Paul does not come down hard on his hearers (“I am not commanding you…” He does not want to make it hard on them and does not want to extort a gift from them). But his message in Romans 8 and 9 is clear. “Righteousness”, testing “the sincerity of your love”, “generosity”, “whoever sows sparingly will also reap sparingly”. You would have to be terribly dense if you should respond to this appeal by saying, ‘Sorry Paul, just cannot do it now”. Especially since Paul also places ecumenical assistance under the heading of Christian obedience, another word from which we, who have been adopted by God’s grace as his children, cannot escape. For in 2 Corinthians 9:13 Paul characterizes this assistance as “the obedience that accompanies your confession of the gospel of Christ”. Moreover, and this is striking, how the recipients understood the gift of assistance, and they appreciated that the givers understood what the gospel of Christ involves.

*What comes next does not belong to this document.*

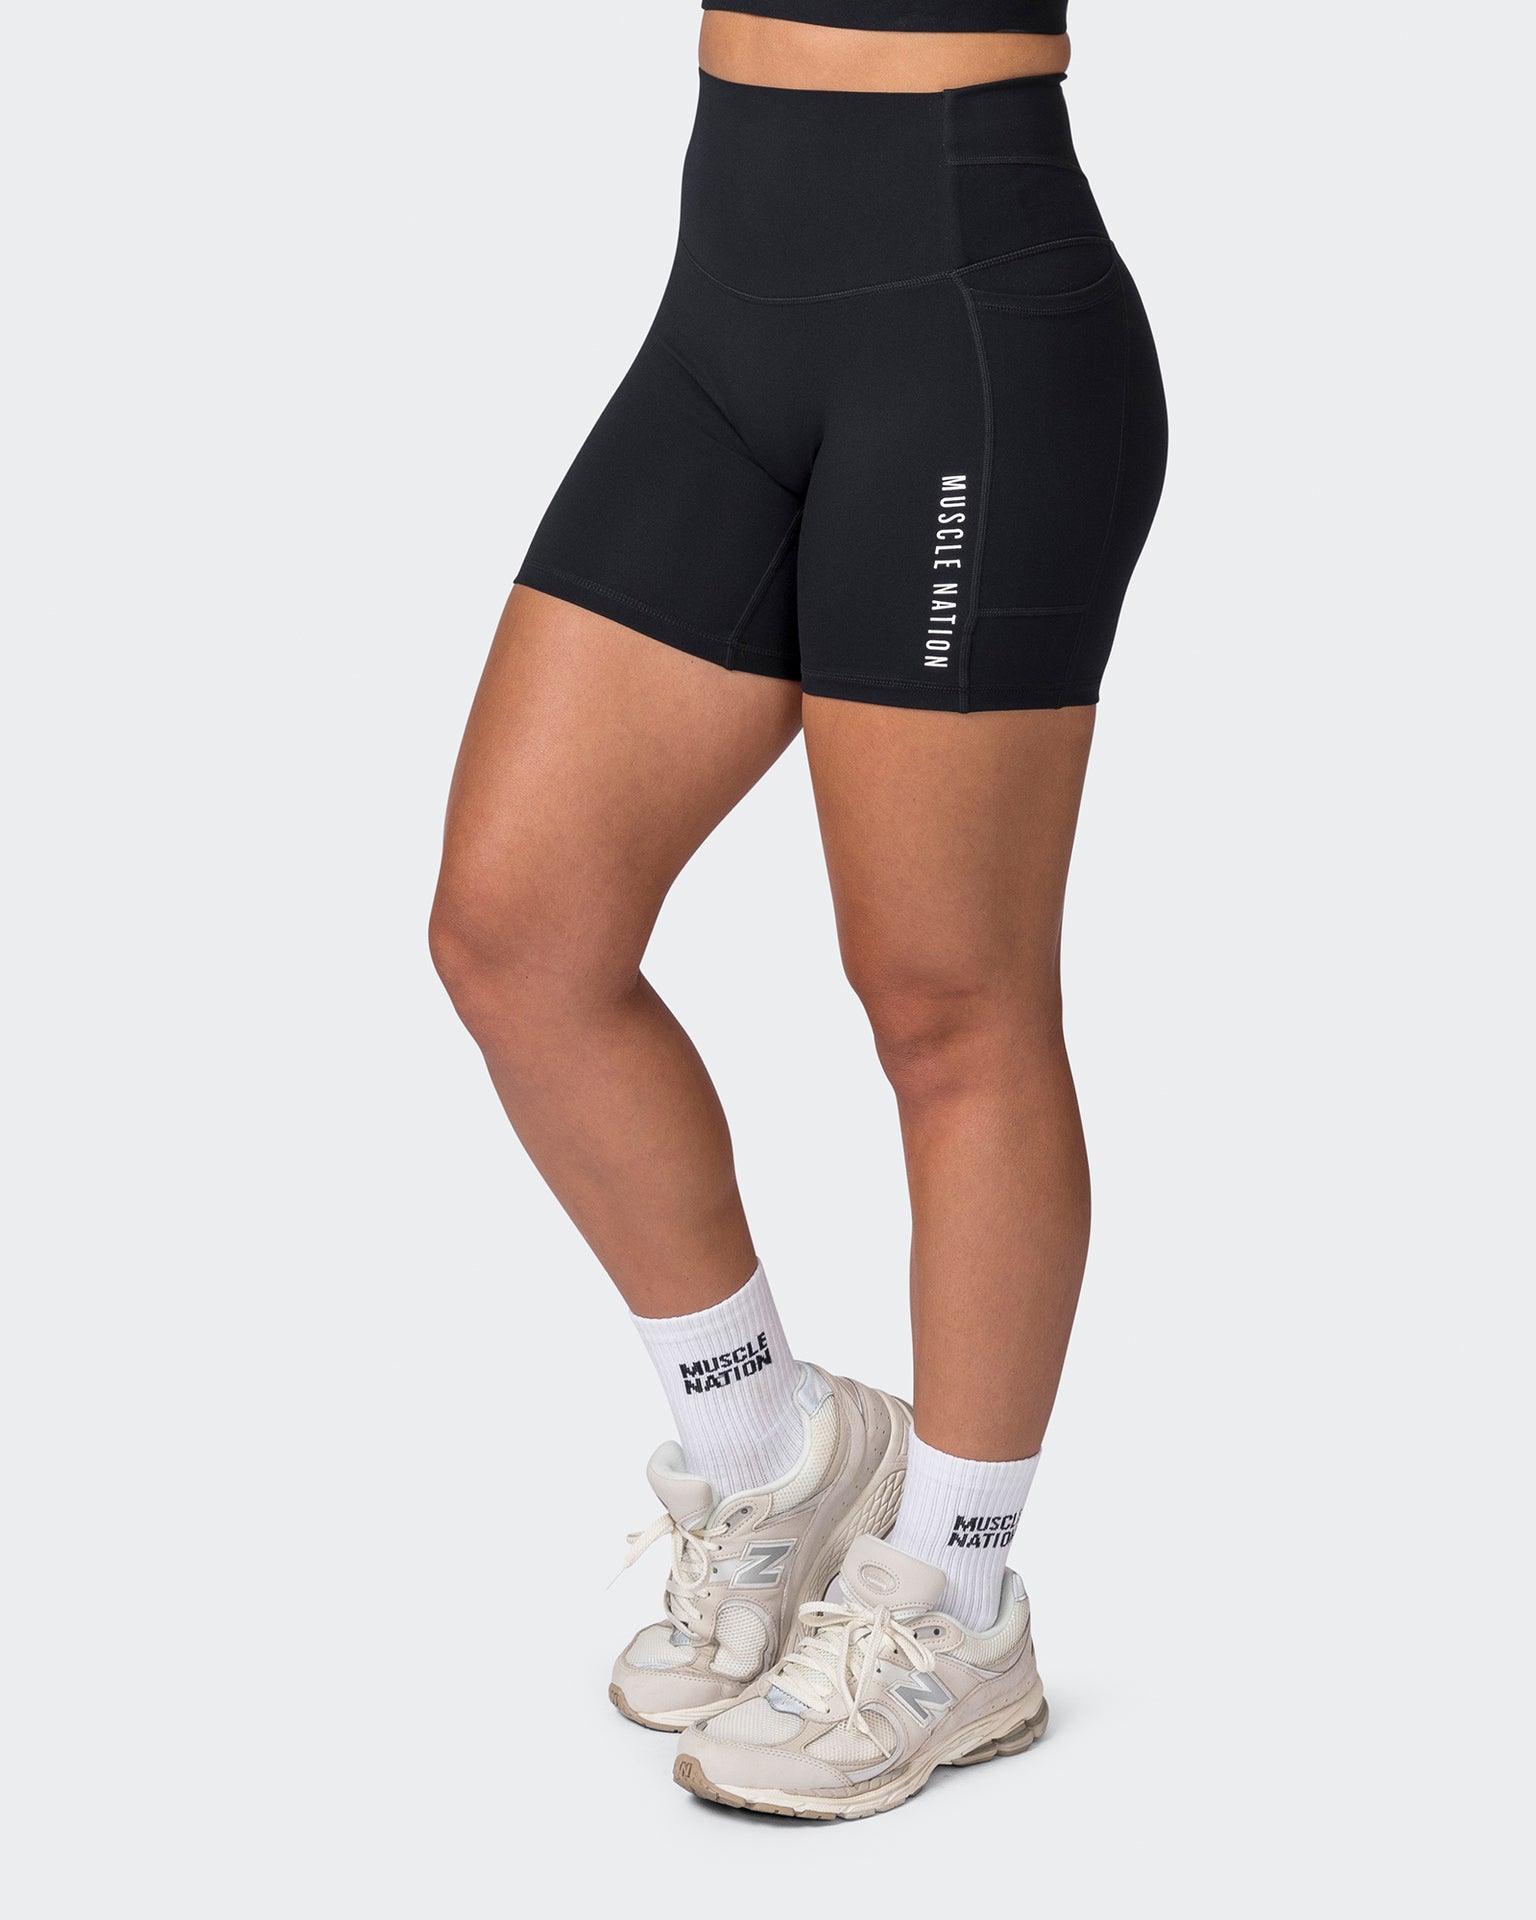 Muscle Nation Bike Shorts Unrivalled Everyday Bike Shorts - Black

This is how, through the inspiration of the Holy Spirit, ecclesiastical ecumenical relationships began in the early church. Although ecumenical assistance often appears superficially to be one-directional (and, indeed, in a material sense it often is), Paul also uses another characteristic word for true ecumenicity, namely, it is a matter of reciprocity6 (2 Cor 8:14). One-sided material assistance serves a many-sided spiritual interest: the testing of faith, living in obedience, practising righteousness, the sanctification of life, sharing generously. It all leads to prayers of thanksgiving for each other, of giving thanks to God, and a feeling of being surrounded by love because the gospel of Christ is being confessed, understood, and applied. Everyone who is involved in ecumenical assistance, both the givers and the recipients, learn to say and to sing “this God is our God” (Ps. 48:14).

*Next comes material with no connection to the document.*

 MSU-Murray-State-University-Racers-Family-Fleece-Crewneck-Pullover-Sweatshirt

Abuse and Fraud — the Importance of a Good Institutional Scheme🔗

Did Paul close his eyes to possible abuse of the proffered assistance; does he not see the traps that exist? For example, will this gift not affect the strength of faith of the church in Jerusalem? Does Paul not know how much can go wrong before the eyes of the Lord, but also before the eyes of people? Paul knows very well the many things that can go wrong when it comes to money. But the spiritual significance of the assistance is greater than the fear of fraud and corruption. We could easily fall into sin if we buried our gifts and talents because of such fear. Paul is very conscious of the danger of abuse and slurs. That is why he lays down the rules for the assistance very carefully. Not because he does not trust people, but because he knows the human heart very well. After all, it is he who stated, “the love of money is a root of all kinds of evil” (1 Tim. 6:10). And so, since a lot of money is being transferred back and forth between people and churches, he demonstrates that he truly takes the reality of sin within Christian communities seriously. The passage in 2 Corinthians 8:16-24 shows us that Paul is a good coordinator and a knowledgeable manager. He lays down rules and administers carefully, and takes preventive measures. He uses three trusted brothers (Titus and two others) to receive and manage the moneys. Not only on behalf of Paul. Rather, he carefully creates an institutional framework for this project. For the two other brothers have an ecclesiastical status (see v. 23), as “representatives of the churches”. In addition, they are described as “an honour to Christ” and this underscores the official nature of their work and perhaps also reminds them of the extent of their responsibility. For if you are introduced as ‘an honor to Christ’, you will think twice before you misapply the funds that have been entrusted to you. In this way Paul carefully regulates this assistance. It is thoughtful, realistic, and ecclesiastical (that is, not connected to himself). He makes his reasons clear in 2 Corinthians 8:20-21: “‘We want to avoid any criticism of the way we administer this liberal gift. For we are taking pains to do what is right, not only in the eyes of the Lord but also in the eyes of men.”

Our Time🔗

The time in which we live is more complex than Paul’s time. Jerusalem is not Lumbubashi and Calgary is not Corinth. Then it was an assistance within the one known world. At that time people did not talk about the global rift7 that we are familiar with. Today there are numerous complicating factors. Complexity and innumerable so-called traps can lead to a great desire to impose rules on the one hand, or to a feeling of despair and powerlessness on the other. The practical recalcitrance, the oft-recognized relative inferiority of ecclesiastical organizations, the temptations associated with large sums of money in what is typically a very poor society (in which fraud, abuse, and corruption are often part of the culture), all of which are generally coupled with complicating social (familial) structures, make many forms of financial assistance to sister churches in our time an extremely vulnerable undertaking, a risky ()venture. Disappointments caused by sin and breach of trust must not cause us to give up and water down the wine of the kingdom. For also in this kingdom the golden rule is that abuse will be punished. Because of all these factors, today’s ecumenical assistance demands extra care, wisdom, patience, sincerity, faith, and love.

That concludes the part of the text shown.